Fig 6. Big Bird running out of memory


Attention models provided a way to better address the gradient vanishing problem; despite the experiment results listed in section III wasn't long enough to claim that attention model indeed preserved the context information while LSTM models couldn't, it demonstrated being capable of retaining such information.

Another observation that was yet to be discovered on the prior LSTM model was that the Transformer model capable of learning phonetic information to translate names by the way it sounded. Nonetheless, as stated in section I, with the input length exceeding the attention window and uncertainty on Big Bird being faster than full attention models, a solution enabling long sequences to benefit from the power of attention model was wanted.

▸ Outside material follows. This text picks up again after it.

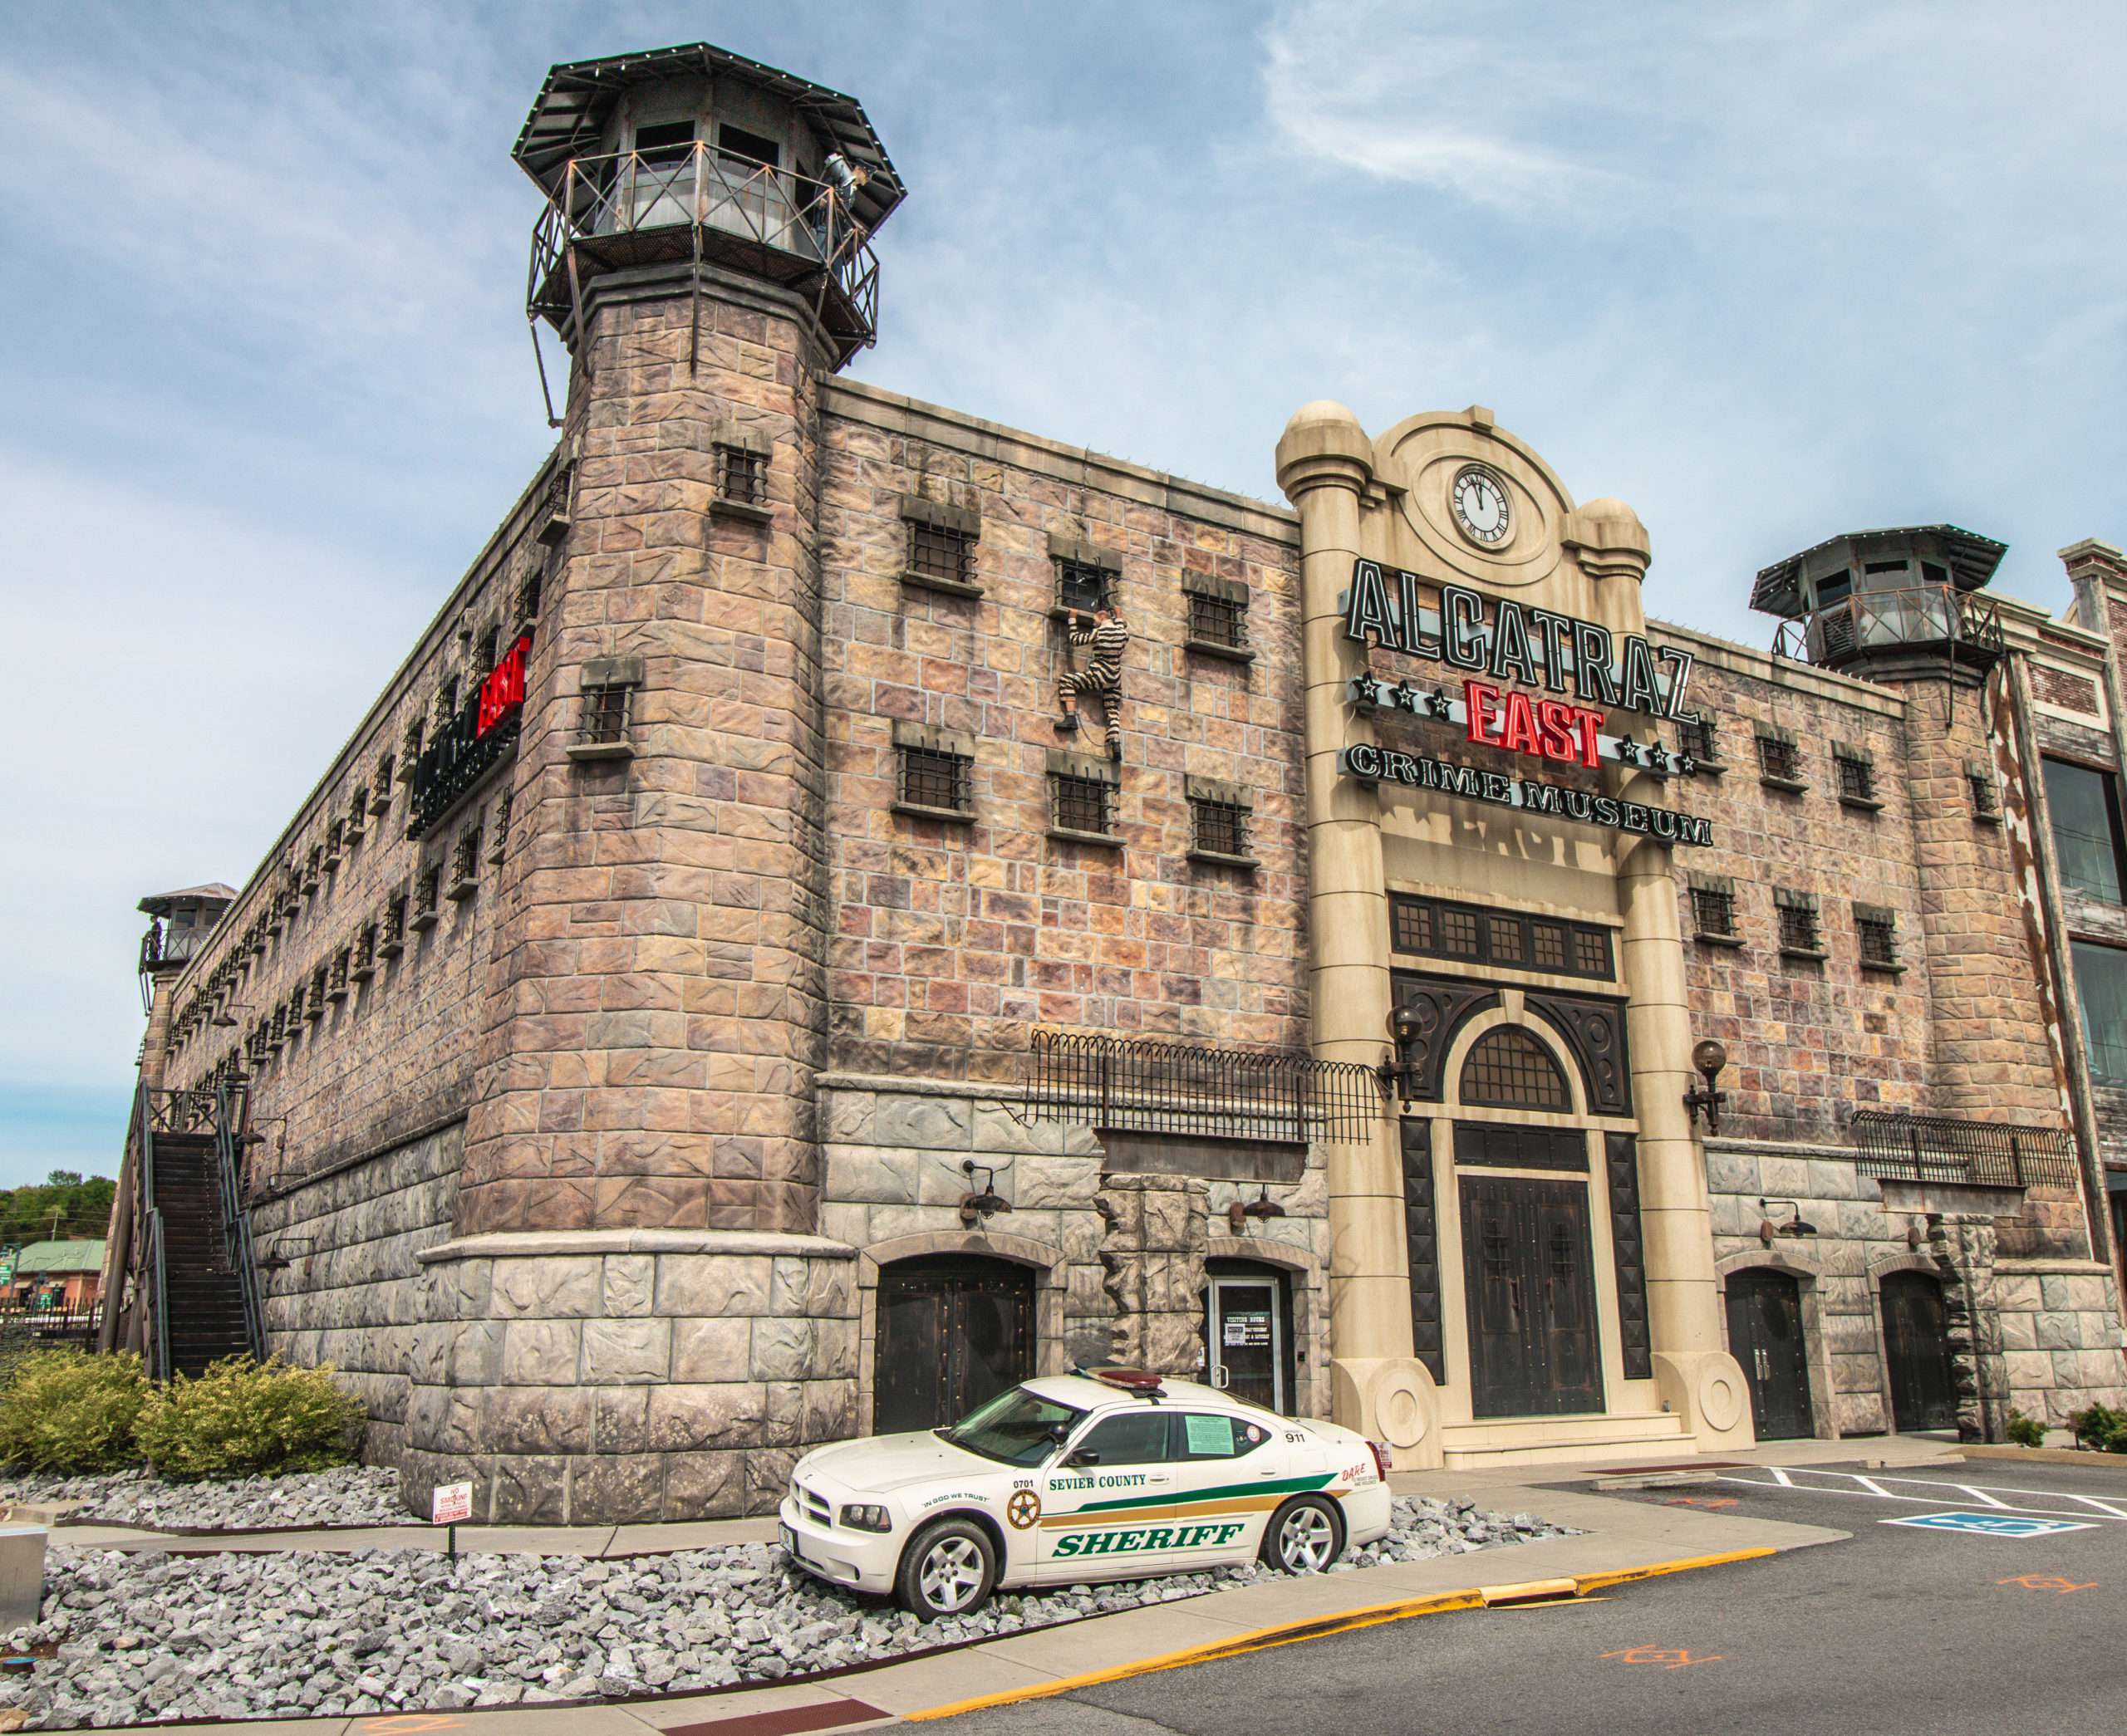 Alcatraz East Crime Museum Announces Reopening after COVID

  • [1] S. Hochreiter, "The vanishing gradient problem during learning recurrent neural nets and problem solutions," International Journal of Uncertainty, Fuzziness and Knowledge-Based Systems, vol. 6, no. 02, pp. 107-116, 1998.
  • [2] D. Bahdanau, K. Cho and Y. Bengio, "Neural machine translation by jointly learning to align and translate," arXiv preprint arXiv:1409.0473, 2014.
  • [3] A. Vaswani, N. Shazeer, N. Parmar, J. Uszkoreit, L. Jones, A. N. Gomez, L. Kaiser and I. Polosukhin, "Attention is all you need," Advances in neural information processing systems, vol. 30, pp. 11-21, 2017.
  • [4] D. Jacob, C. Ming-Wei, L. Kenton and T. Kristina, "BERT: Pre-training of Deep Bidirectional Transformers for Language Understanding," in Proceedings of the 2019 Conference of the North American Chapter of the Association for Computational Linguistics: Human Language Technologies, Volume 1 (Long and Short Papers), 2019.
  • [5] J. B. Lee, R. A. Rossi, S. Kim, N. K. Ahmed and E. Koh, "Attention models in graphs: A survey," ACM Transactions on Knowledge Discovery from Data (TKDD), vol. 13, no. 6, pp. 1-25, 2019.
  • [6] S. Chaudhari, V. Mithal, G. Polatkan and R. Ramanath, "An attentive survey of attention models," ACM Transactions on Intelligent Systems and Technology (TIST), vol. 12, no. 5, pp. 1-32, 2021.
  • [7] Z. Manzil, G. Guru, D. Avinava, A. Joshua, A. Chris, O. Santiago, P. Philip, R. Anirudh, W. Qifan, Y. Li and A. Amr, "Big Bird: Transformers for Longer Sequences," arXiv, 2020.
  • [8] K. Clark, U. Khandelwal, O. Levy and C. D. Manning, "What Does BERT Look At? An Analysis of BERT's Attention," arXiv, 2019.
  • [9] L. Tian, D. F. Wong, L. S. Chao, P. Quaresma, F. Oliveira, Y. Lu, S. Li, Y. Wang and L. Wang, "UM-Corpus: A Large English-Chinese Parallel Corpus for Statistical Machine Translation," in Proceedings of the Ninth International Conference on Language Resources and Evaluation (LREC'14), 2014.
  • [10] T. Kudo and J. Richardson, SentencePiece: A simple and language independent subword tokenizer and detokenizer for Neural Text Processing, arXiv, 2018.